When querying data from a partitioned table, you don’t need to specify the partition; the query remains the same whether or not you use partitions. MySQL will automatically deduce which partition to retrieve the information from.
As with indexes, there’s a small performance penalty with partitioning. When you insert new rows into a partitioned table, MySQL has to determine which partition the new data should go into, and this requires resources. While this additional drain on resources isn’t necessarily crippling, you have to take it into account when creating partitions. Depending on the size of the table, it might be wise to use dozens of partitions, but once you start reaching into the hundreds, take due care that using partitions itself doesn’t affect performance.
Identify Slow Queries
One of the best thing about MySQL is that it can help you identify the queries that take up the most resources via its slow-query-log.
MySQL doesn’t record slow queries by default; running mysqladmin var | grep log_slow_queries in the terminal will confirm this for you. To enable the option, edit the my.cnf configuration file and add these lines under the [mysqld] block:
long_query_time = 1
log-slow-queries = /var/log/mysql/mysql-slow-query.log
The default long_query_time is 0, but we’ve set it to 1 here to make MySQL log all queries that take longer than 1 second to execute. Feel free to change this value, as well as the location for the log file. When you’re done, you need to restart the MySQL server with the command /etc/init.d/mysql restart for the changes in the my.cnf file to take effect.
You can then use the mysqldumpslow command-line tool, included with MySQL, to get a summary of the slow-query-log file. If you see a list of queries that are taking too much time to execute, you can try to find out why.
Explain is one of the most widely used MySQL query analysis tool available. When used with a SELECT statement, it reveals a wide array of information, such as the number of tables involved in the statement, how the data is looked up, if there are any subqueries, whether any indexes are used, and much more.

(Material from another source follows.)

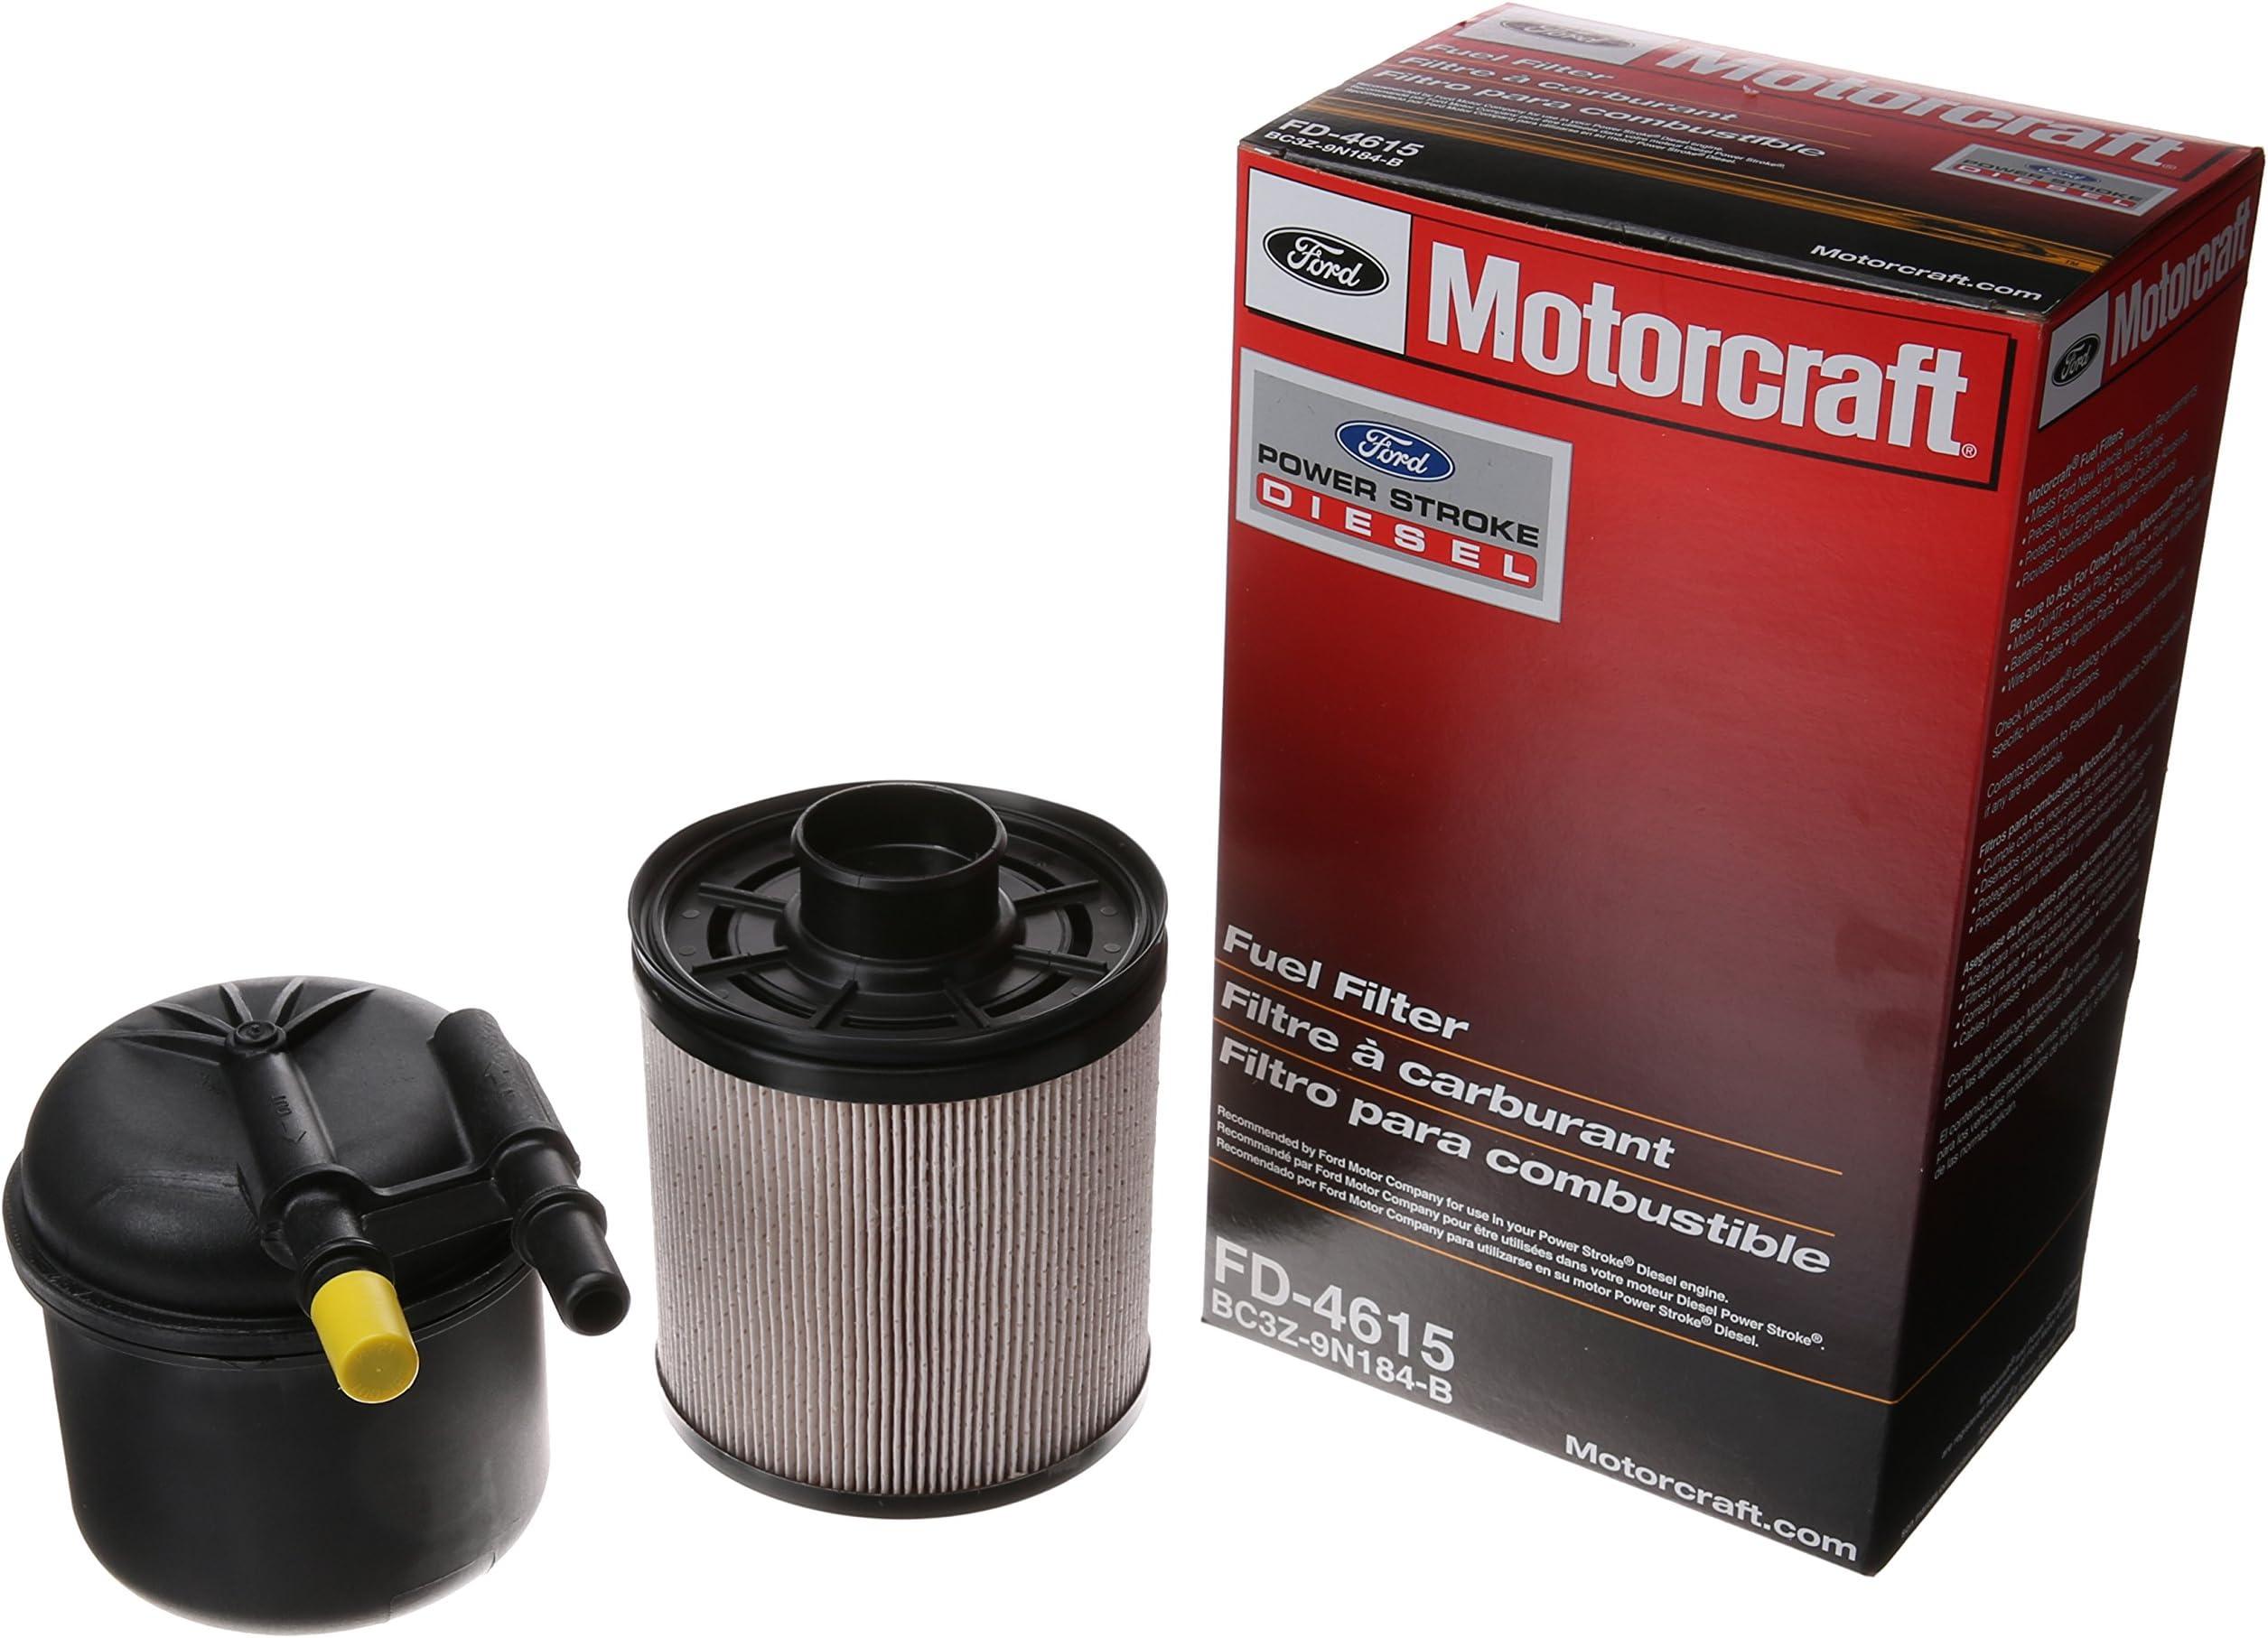 amazon com fuel filters replacement parts automotive  motorcraft fd 4615 fuel filter

You can run Explain on each of of the slow queries to determine why the statements are slow. Once you know the causes, you should be able to figure out how to fix the problems.
Fix That Configuration File
One final tip: MySQL Tuner is a Perl script that you can run to test your MySQL performance. Based on the results, and other observations, the script will then advise what changes you can make in the configuration file to improve performance.

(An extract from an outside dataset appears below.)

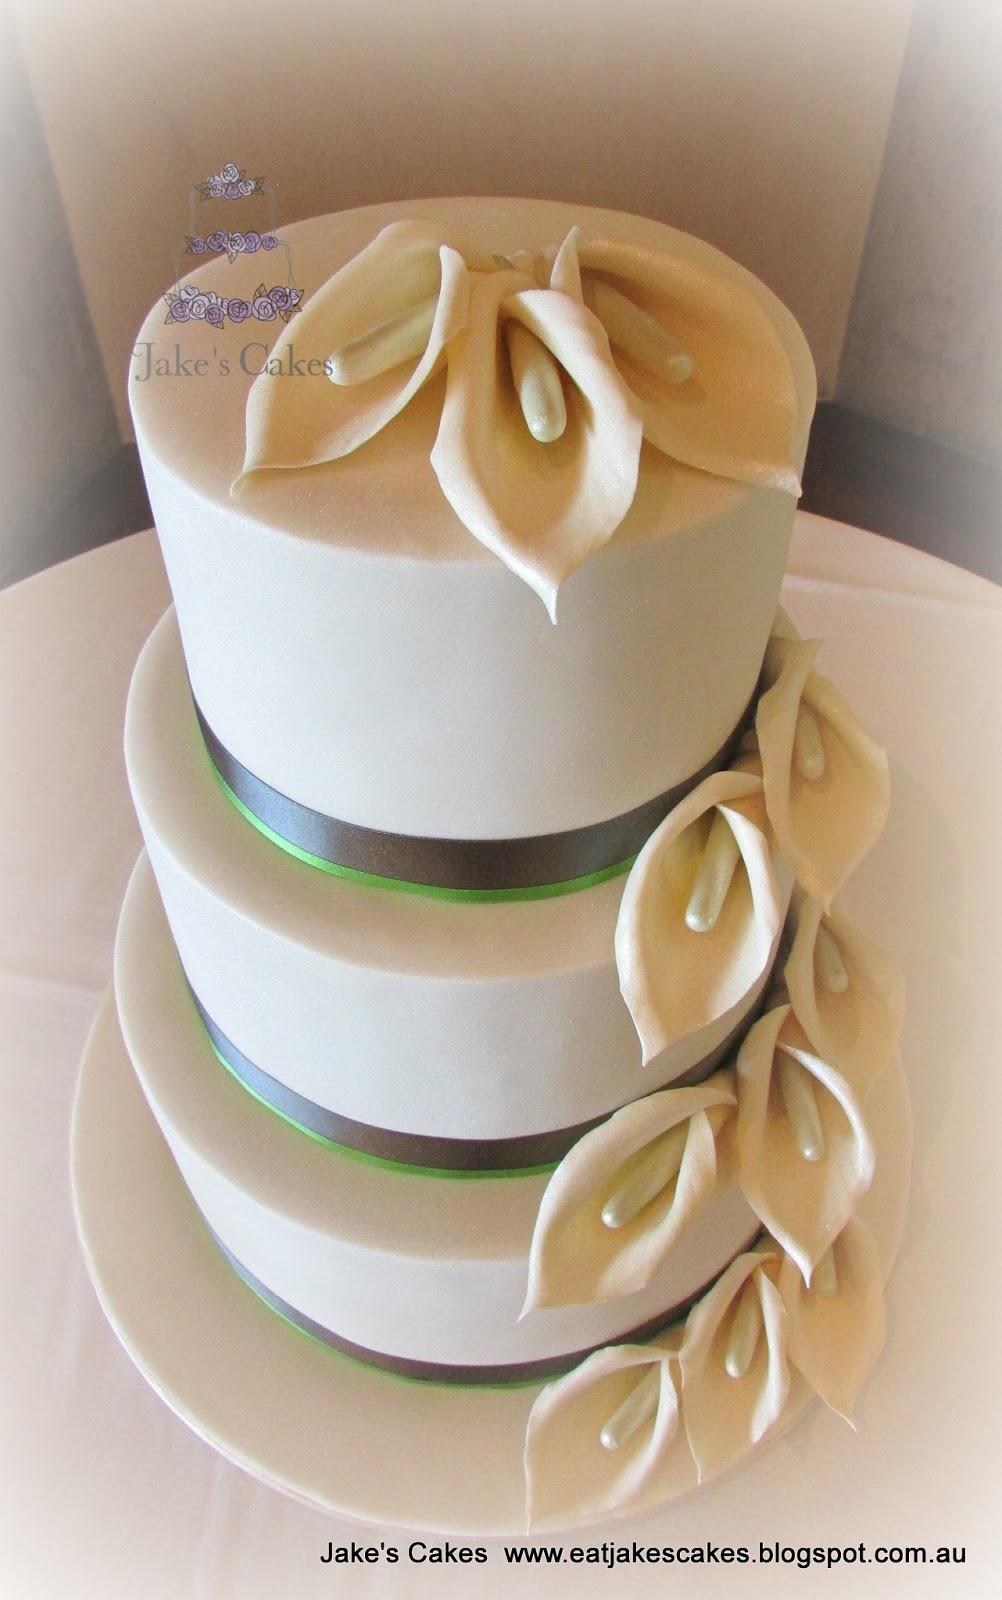 Jakes Cakes Calla Lily Wedding Cake - Calla Lilly Wedding Cake

At the terminal, type wget http://mysqltuner.com/mysqltuner.pl to download the script. Make the script executable with the command chmod +x mysqltuner.pl. Run it by typing ./mysqltuner.pl; you will be prompted for your MySQL root password.

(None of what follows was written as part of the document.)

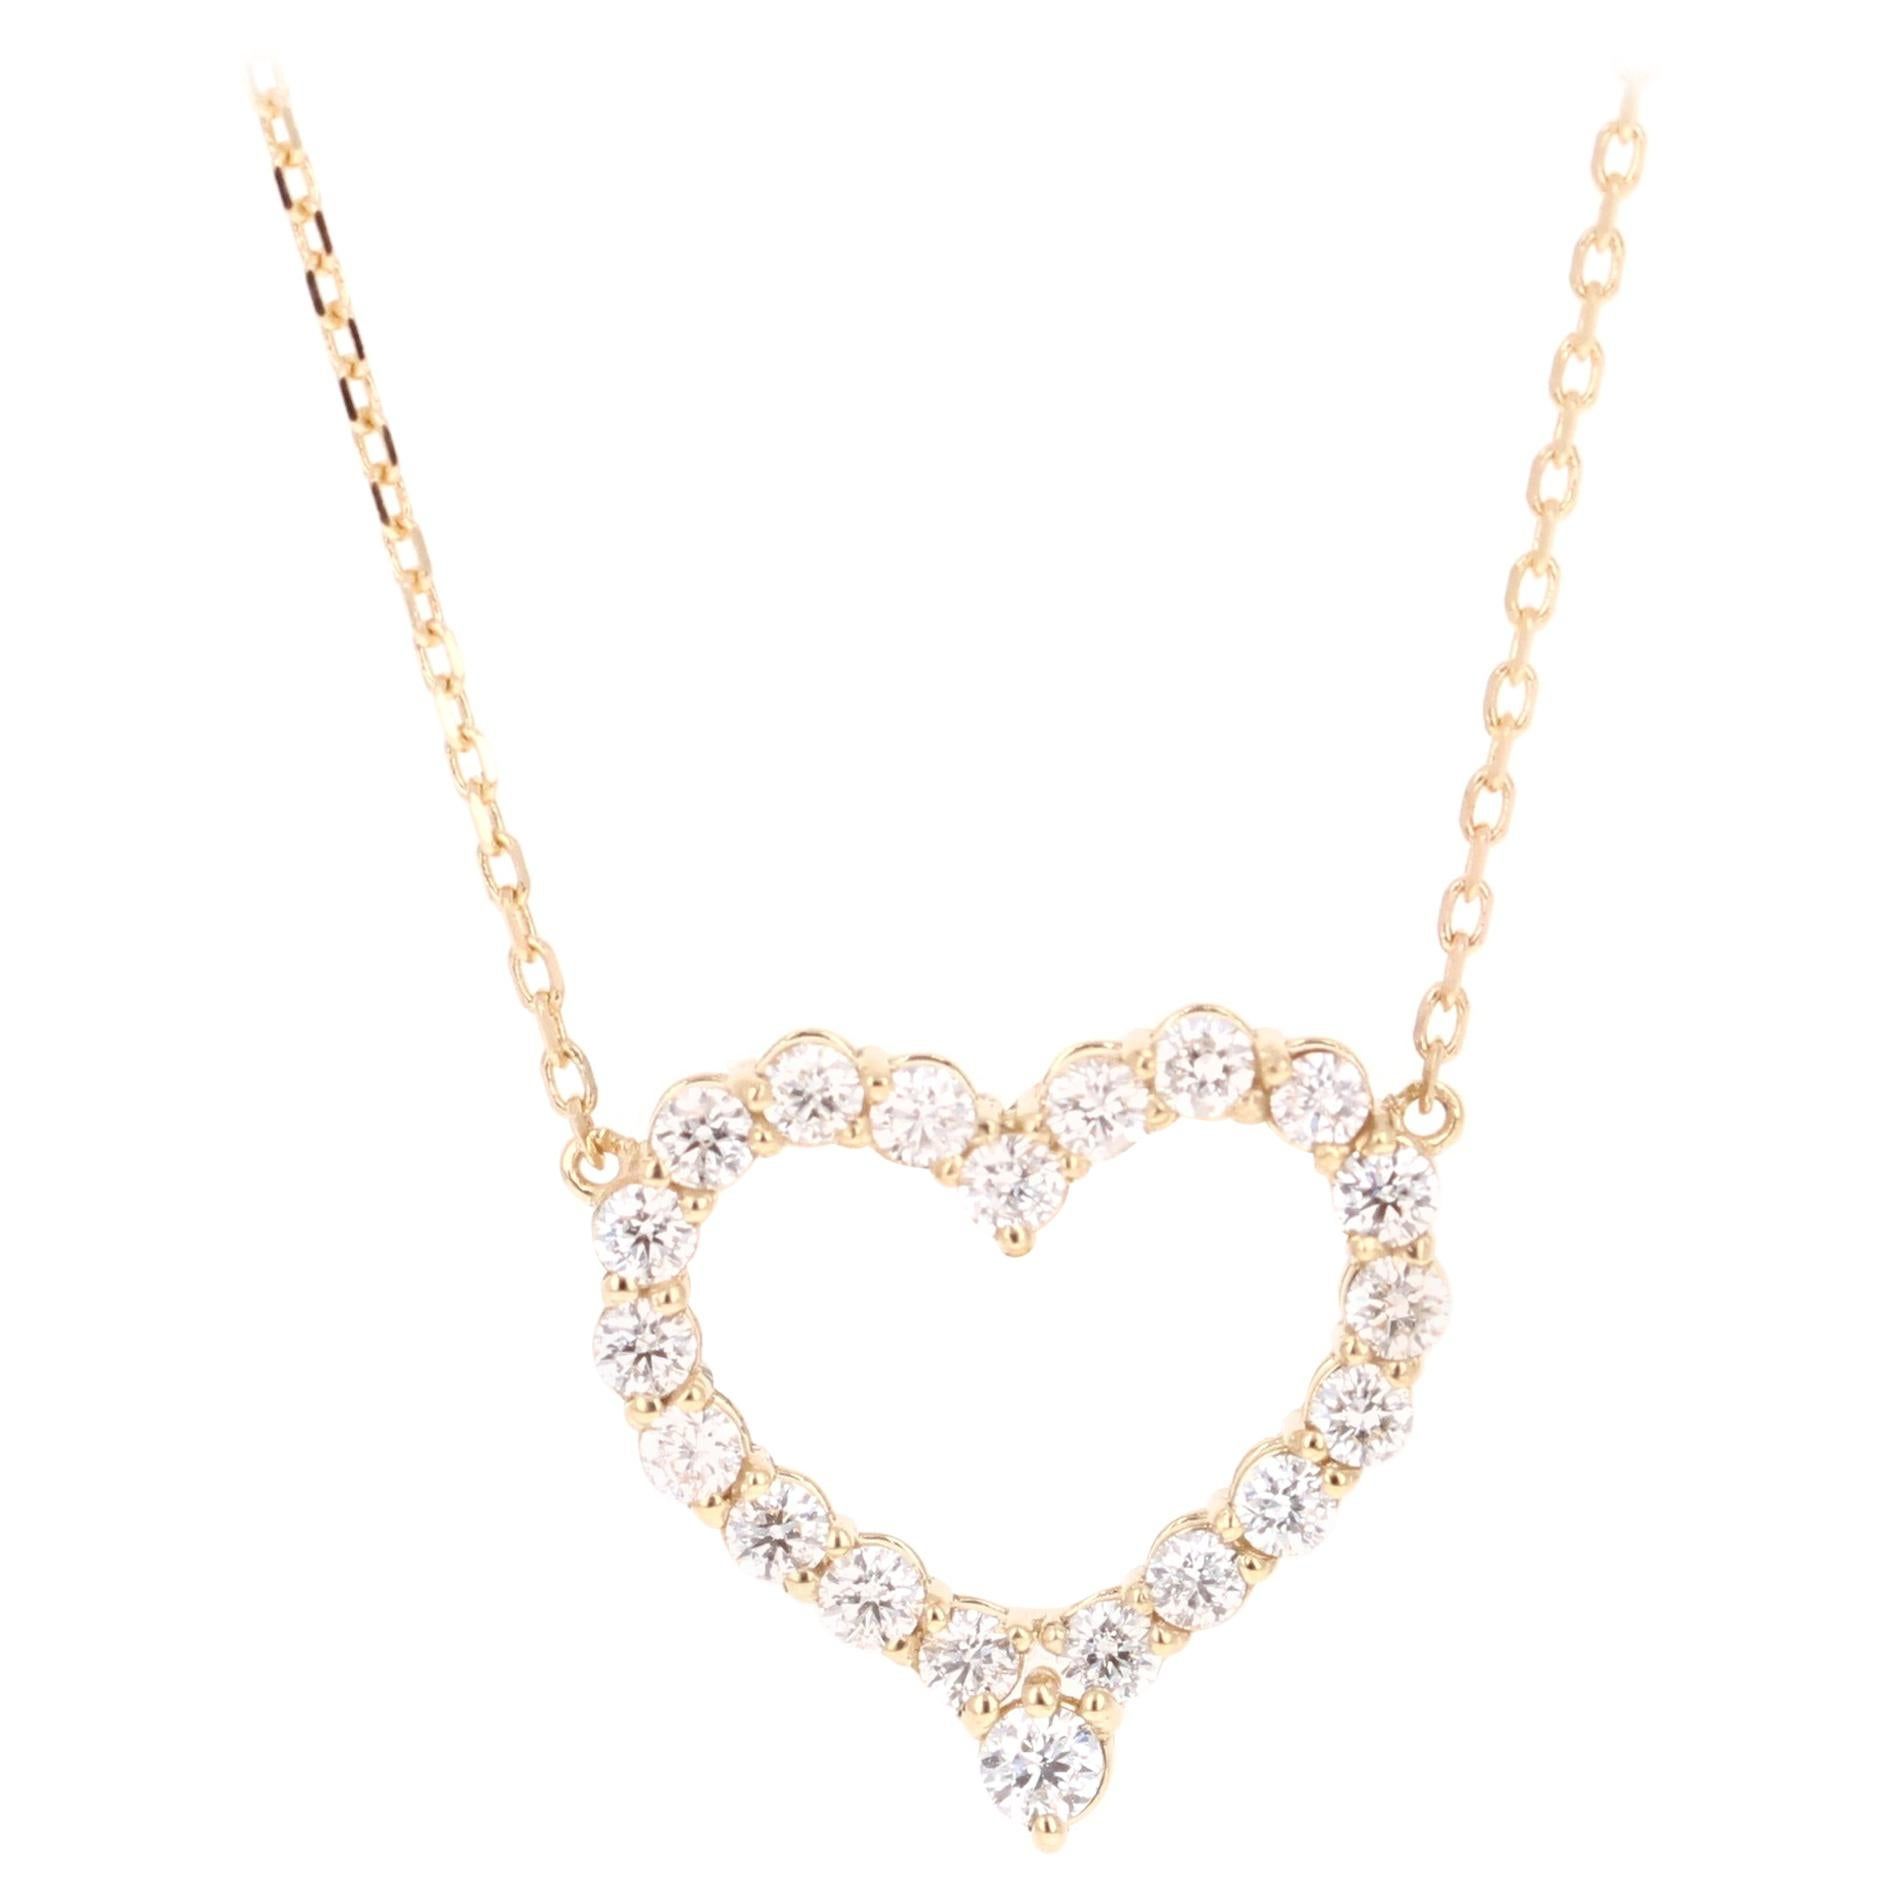 Diamond Heart Pendant 14 Karat Yellow Gold Chain Necklace

The output from the script is divided into sections. The General and Storage Engine Statistics at the top tells you the number of tables in each of the different storage engines. Performance Metrics lists parameters the script checks the system for, such as slow queries, memory usage, and temporary tables. Finally, the Recommendations section lists all the variables that you need to adjust in the configuration files.